Figure 6 Correlation between transcriptome and proteome. (A) DM vs. NC. (B) Sema vs. DM, nine-quadrant graph (considering the statistical significance, P<0.05). The x-axis (abscissa) shows the log2 fold change of the protein levels. The y-axis (ordinate) shows the log2 fold change of the transcriptome levels. The top of the figure displays the Pearson correlation coefficient and its associated statistical significance (P-value) between the transcriptome and proteome data. Each dot represents a gene and its corresponding protein. Grey dots indicate genes and proteins that show no significant change in expression. Red dots represent genes and proteins that exhibit similar trends (upregulation).

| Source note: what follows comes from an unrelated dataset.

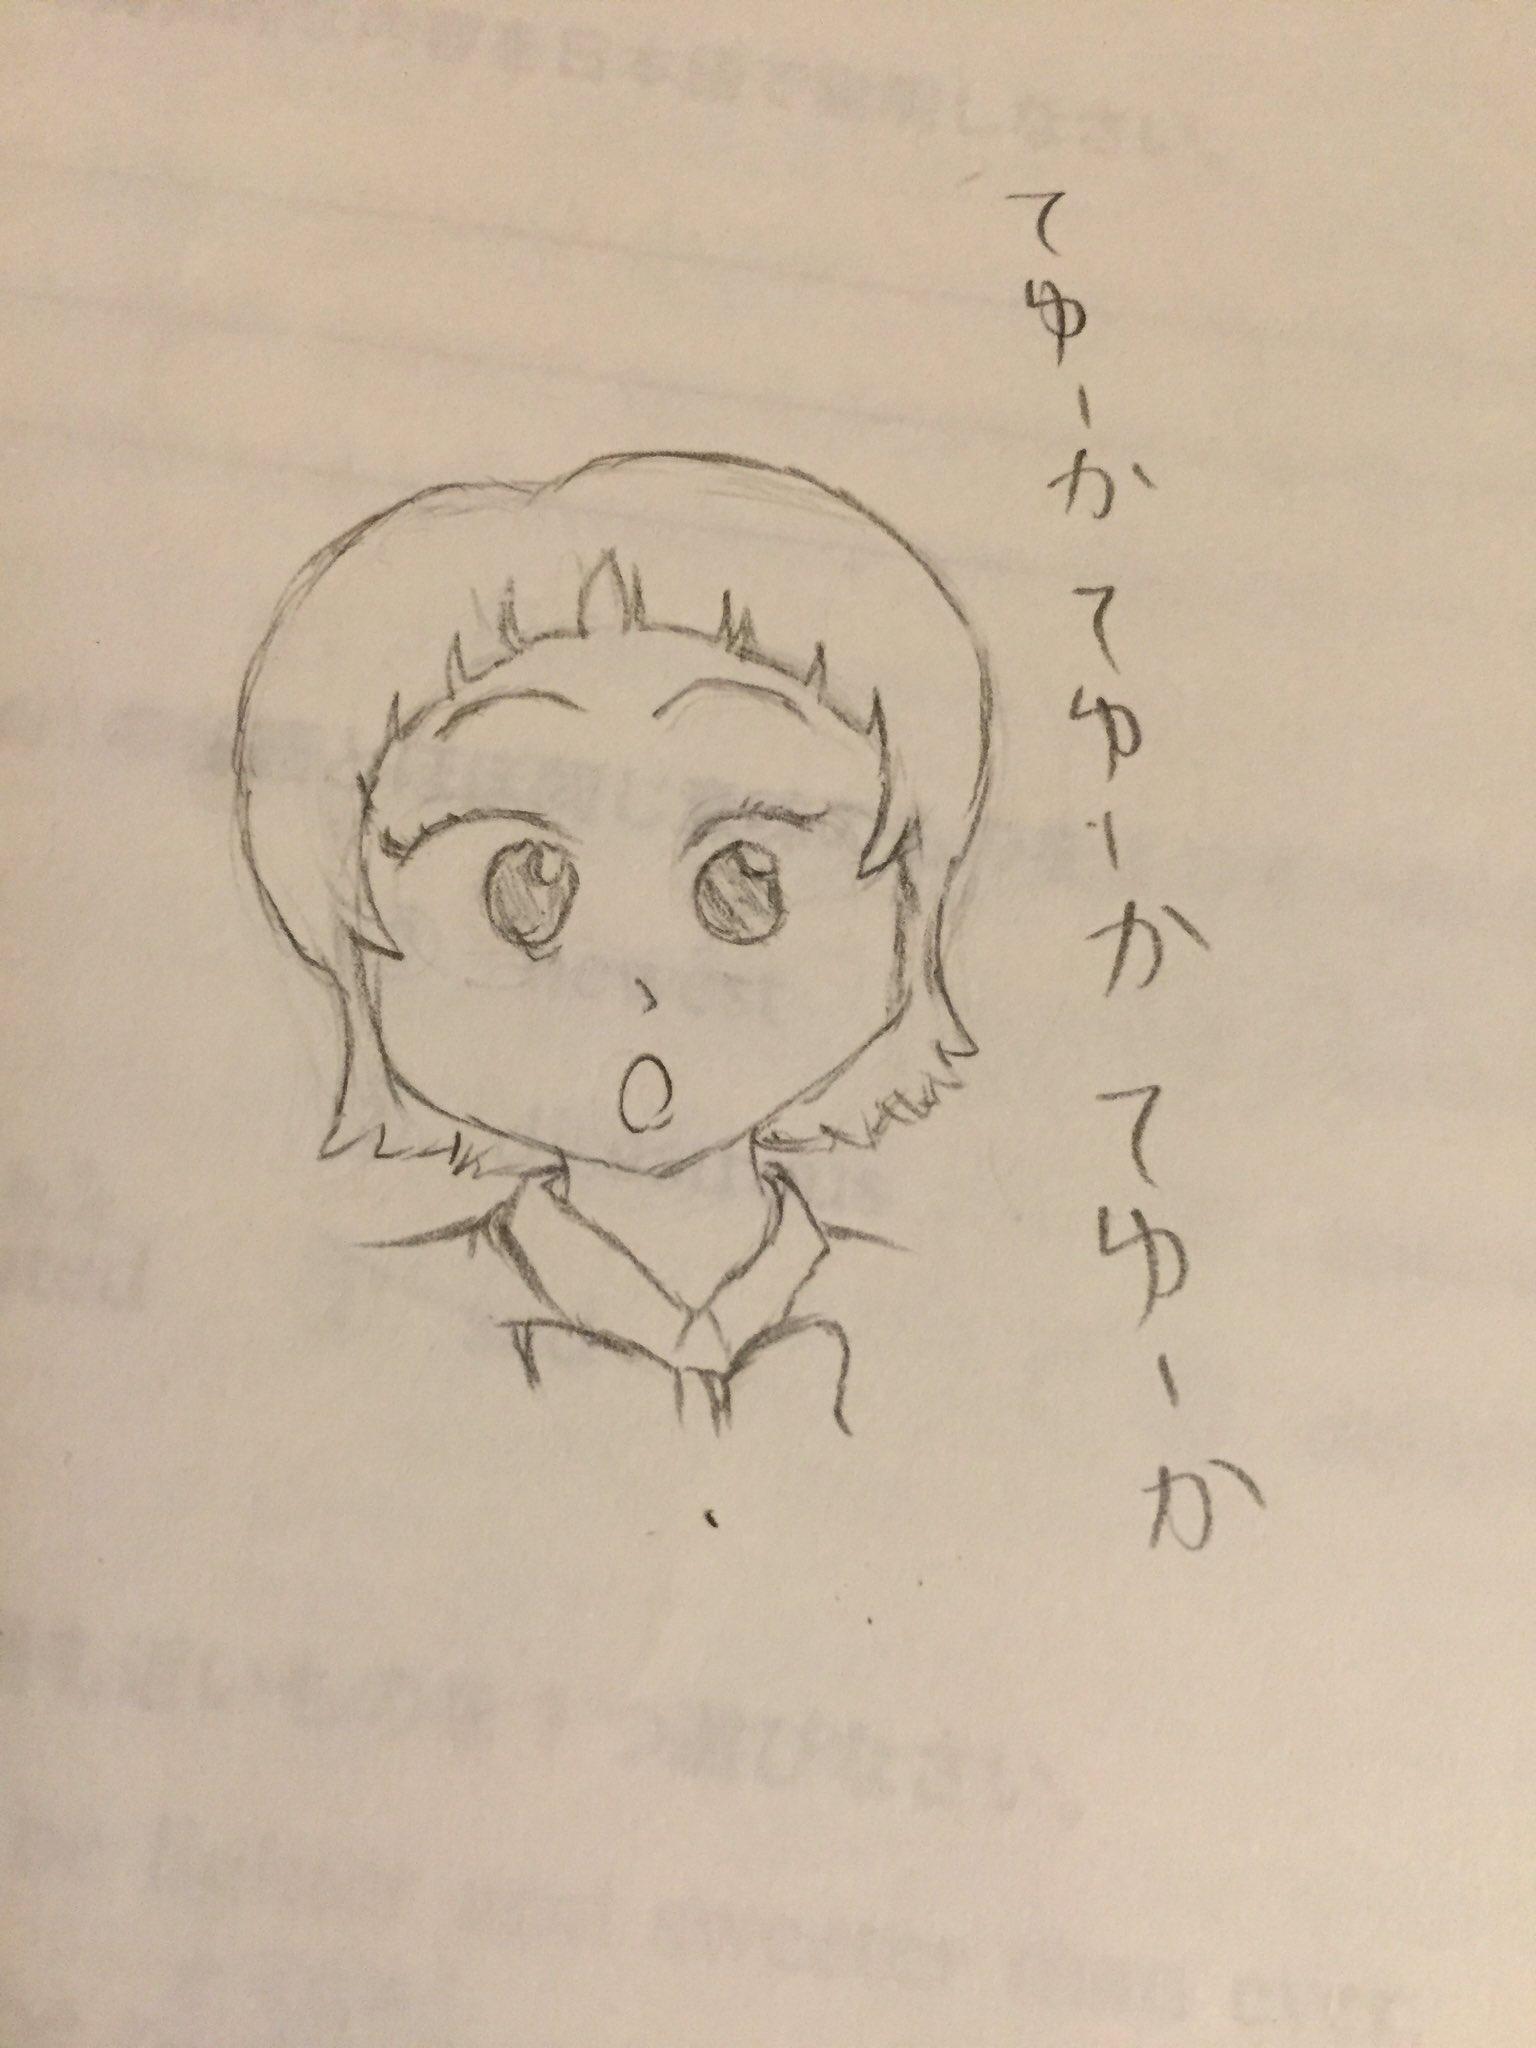 ぺん (@DoracleWar)さんのイラスト

Blue dots represent genes and proteins that exhibit opposite trends in expression (downregulation). (C) Western blot images. (D) Quantification of western blot bands. Examination for (E) H2O2, (F) MDA, (G) CAT, (H) SOD and (I) GSH in hippocampus tissues of three groups of mice. Examination for (J) H2O2, (K) MDA, (L) CAT, (M) SOD and (N) GSH in hippocampus tissues of mice treated with or without Sema + AAV8-Alb-Acox1. n=3 (O) Immunofluorescent staining for 4-HNE expression in hippocampal sections. (P) Positive fluorescent intensity of 4-HNE was quantified after IF analysis. DM, diabetes mellitus; NC, negative control; MDA, malondialdehyde; CAT, catalase; SOD, superoxide dismutase; GSH, glutathione.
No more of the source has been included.